Tech

Steven Sinoskfy claims Windows 8, but acknowledges that the changes were too many

Windows 8 it was a very controversial version due to the great changes it introduced at the user interface level. That interface, first called Metro and then Modern UI, ended up taking its creator ahead, Steven Sinoskfy, who left the Redmond-based corporation through the back door. Now, ten years later, Steven Sinofsky has given an interview to Ars Technica to explain many of the decisions made around Windows 8.

At Ars Technica the interview began, or at least it’s the first question one sees written, asking if Apple’s iPad wasn’t the main reason Windows 8’s quirky interface was created. Here Sinofsky exposed the preponderance of the iPhone first and Android later in the consumer computing market, with sales already in the billions and many people using them instead of an x86 PC.

Furthermore, Sinofsky said that “if there was any hope of increasing PC usage, it would come from having a more smartphone-aligned experience. This applied to the basic user interface (launchers) and metaphors (touch), as well as fundamentals like cloud storage and all-day battery life, and also the way mobile hardware platforms ran beyond PCs, such as with sensors.”

In short, the design team’s intention with the Windows 8 interface was to modernize the system to better fit the forms of use that were spreading at the time, all in order to “take the essence of a PC and take it beyond smartphones.”

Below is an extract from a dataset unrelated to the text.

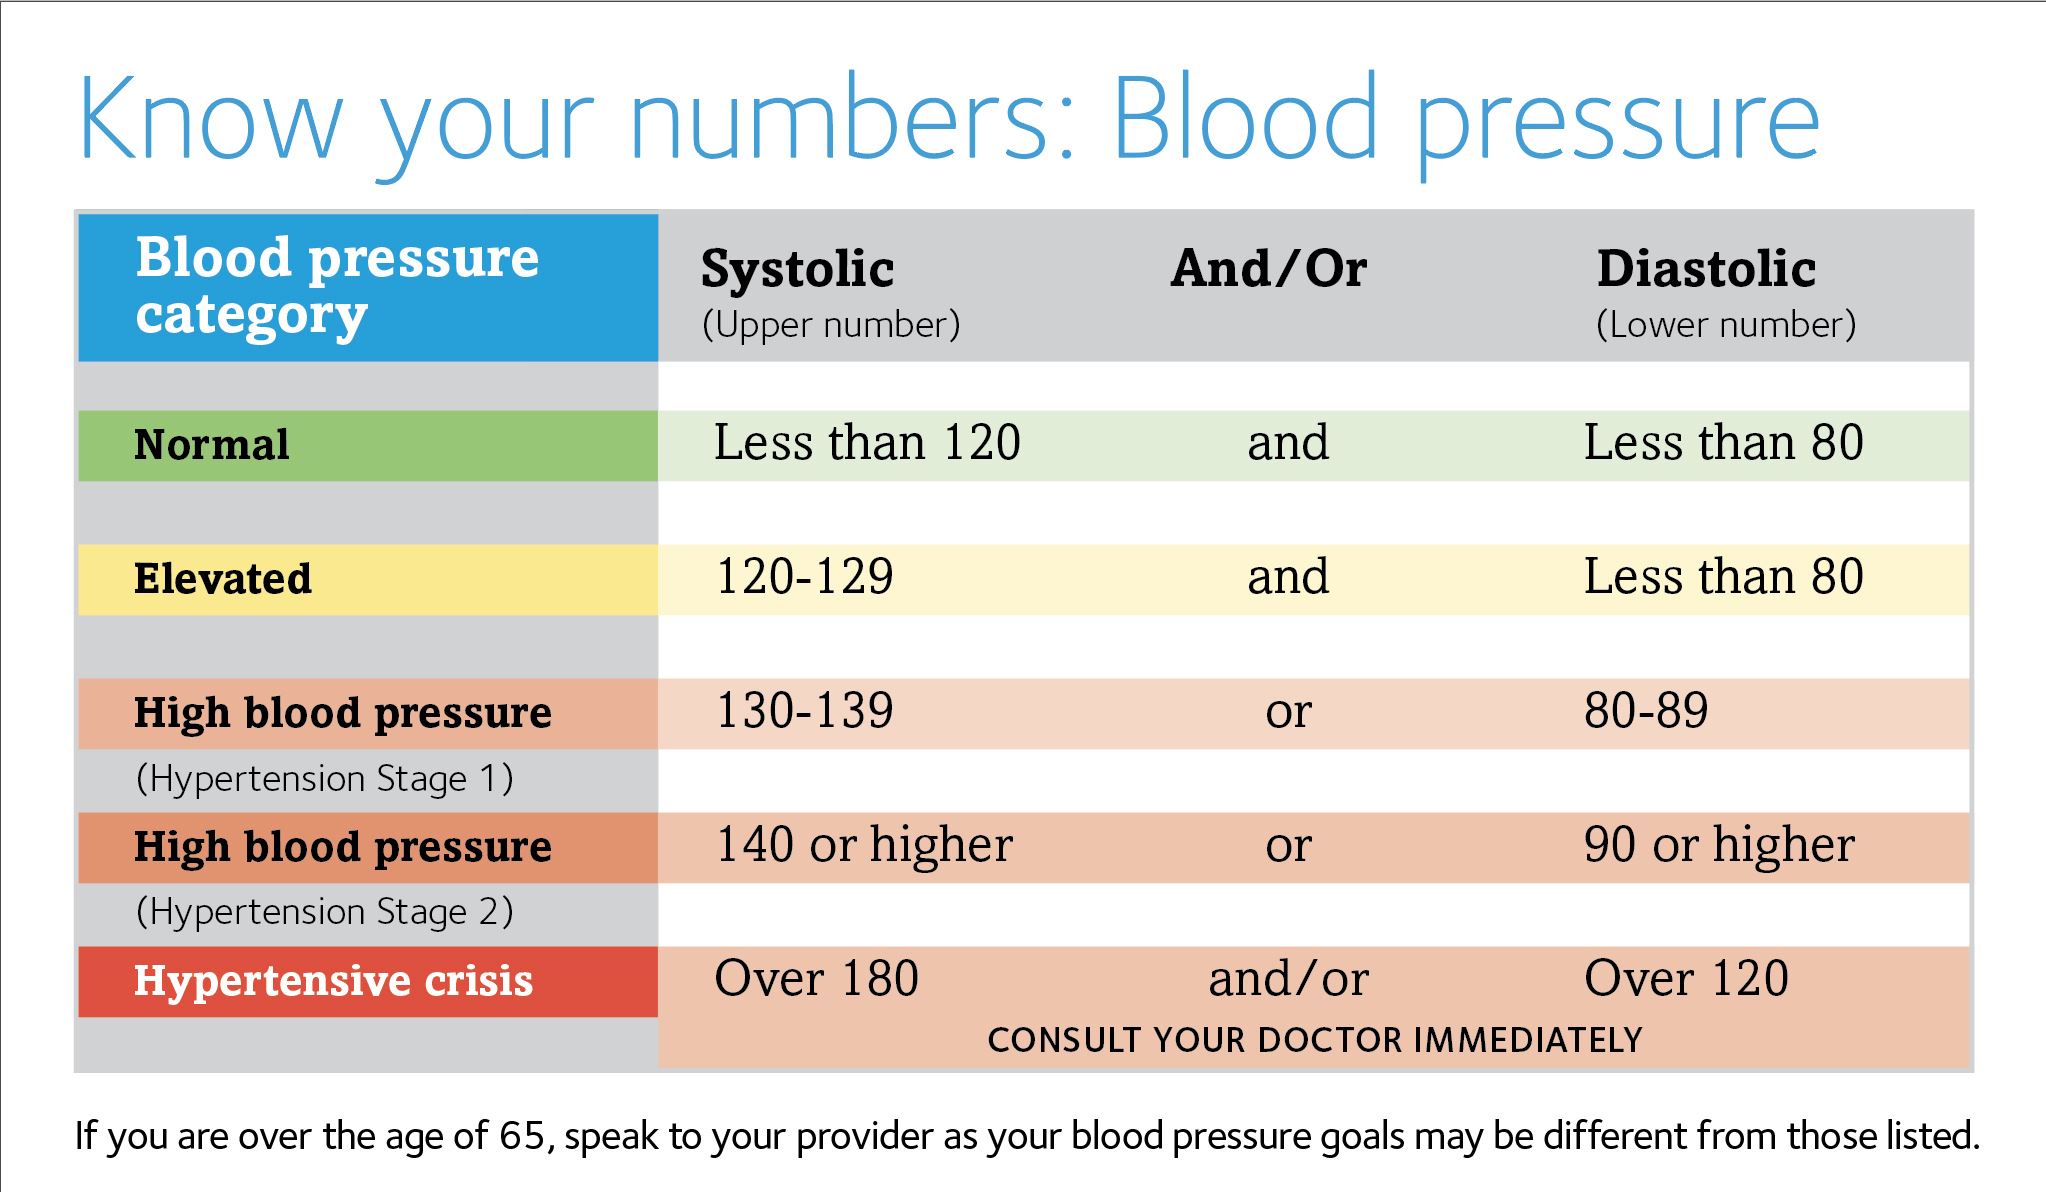 Know your numbers: Blood pressure guidelines

The former Microsoft employee has claimed that the Metro design language was “itself an evolution at Microsoft, going from Expedia to Windows Media Center and Windows Phone.” Despite acknowledging that there were alternatives, he said that the company saw that the combination of the start screen and the tile mosaic solved many of the deficiencies that they saw in the start menu, the taskbar, the system tray , devices and notifications.

Windows 8 Metro/Modern UI Interface

When asked about his opinion of how Windows 8 has evolved or changed in the last 10 years, Sinofsky has insisted on the current preponderance of mobiles over desktops: “90 percent (that’s a rhetorical statistic) of computing now it’s done through grids of apps, which launch on touch and fill a screen. Mobile browsing dominates desktop browsing, with total screen time on mobile vastly outpacing desktop. Desktop computing is on the decline. That assumes desktop computers aren’t used at all, and a few billion people will never see desktop computers as traditionally imagined.”

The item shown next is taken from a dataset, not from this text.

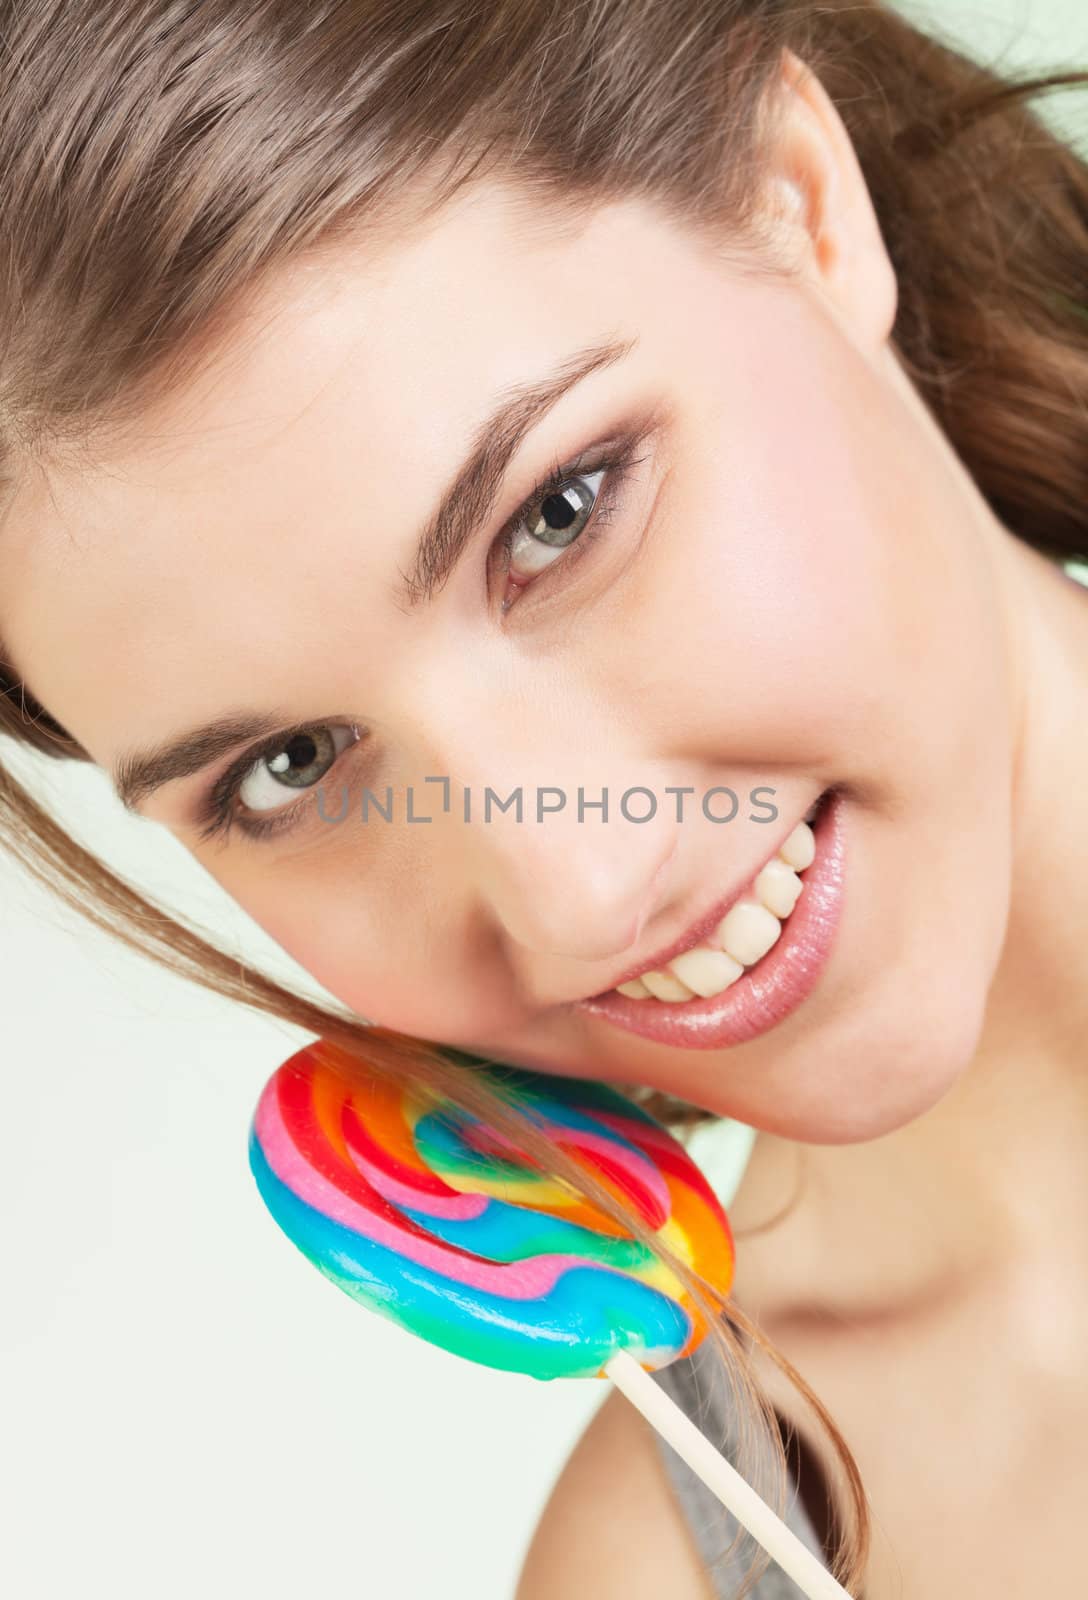 Portrait of smiling teenager girl holding colorful lollipop

Other details said by Sinofsky is that Windows 8 and the division of Surface computers were created in parallel in order to offer a specific experience on a modern hardware platform. On the other hand, he has highlighted features like “contracts,” which he thought were an incredible innovation in connecting apps together to offer things like more user-friendly and integrated search results.

The interview granted to Ars Technica goes much further, but the main conclusion that can be drawn is that Steve Sinofsky is still convinced, at least to a significant percentage, of the vision he wanted to print in Windows 8, despite acknowledging also that the proposed changes were too many and too quicklywith the result that “Windows ended up stalling and today retains its secure footing, albeit that in a shrinking desktop world.”

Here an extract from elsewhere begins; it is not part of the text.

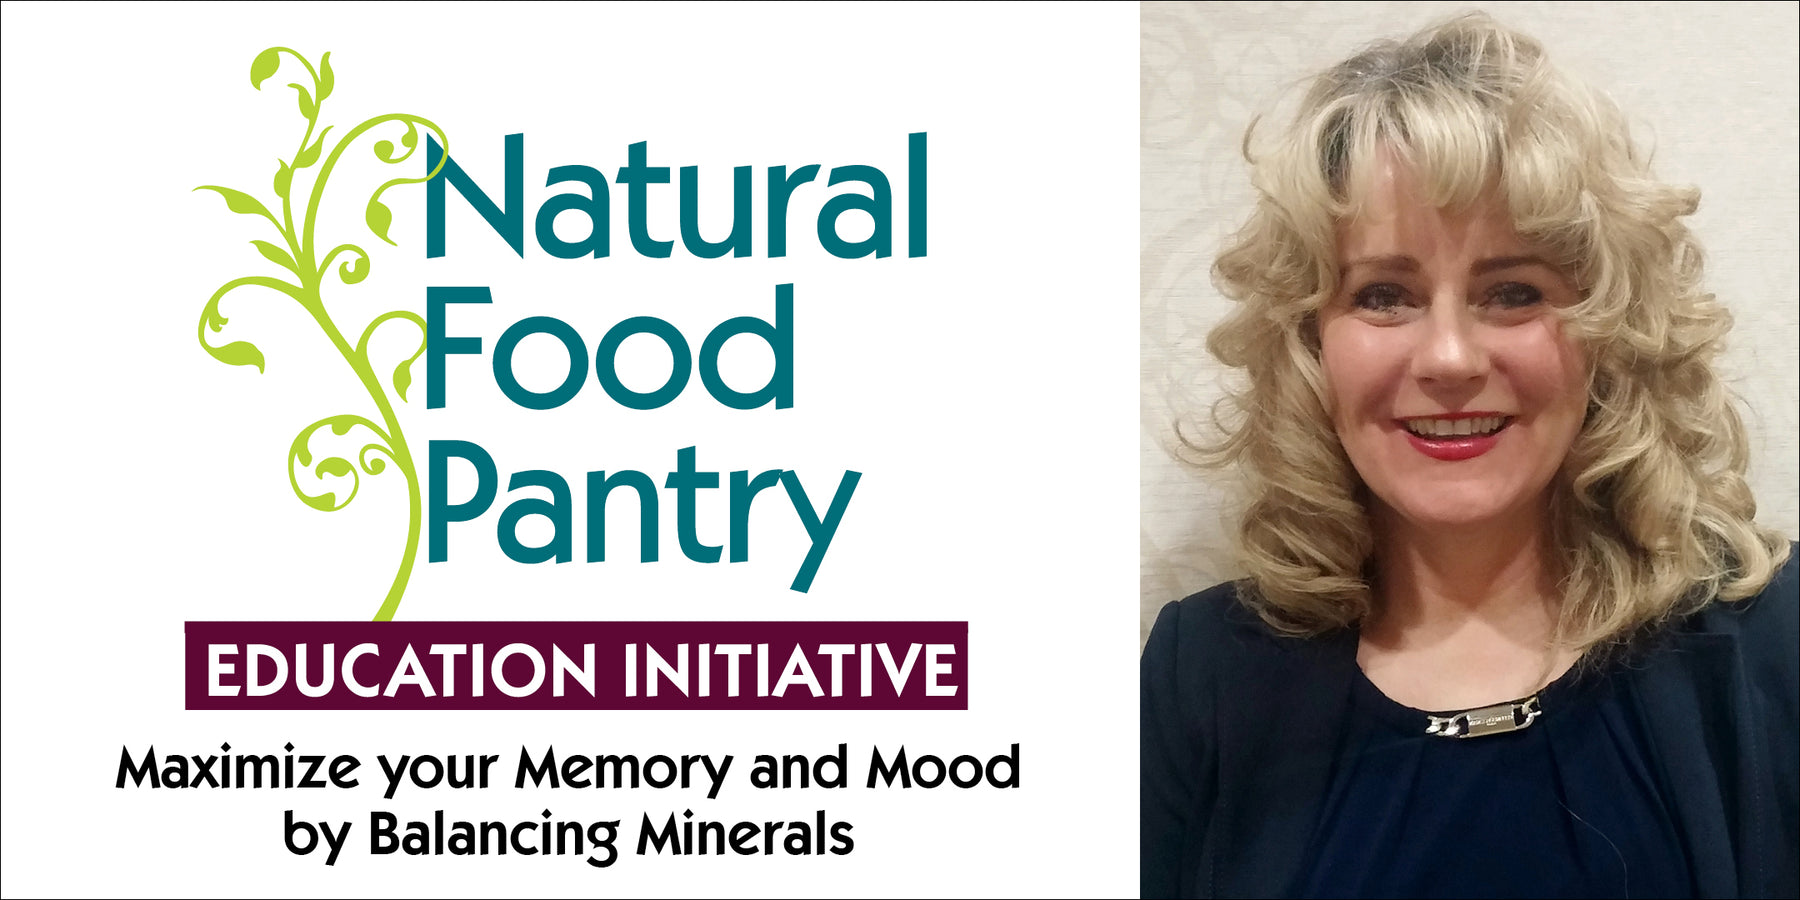 Jul 9: Maximize your Memory and Mood by Balancing Minerals

Like it or not, the paradigm that standardized Windows 95 is still very much in force and most users are very reluctant to radically change it, hence much of the rejection that Windows 8 received. start, although in a somewhat particular way, in Windows 8.1.

On the other hand, Sinofsky is not alone when it comes to trying to change the paradigm of desktop computing, as GNOME, desktop for Linux, has tried to do the same, with the result that most use extensions to get a more user-friendly experience. classic.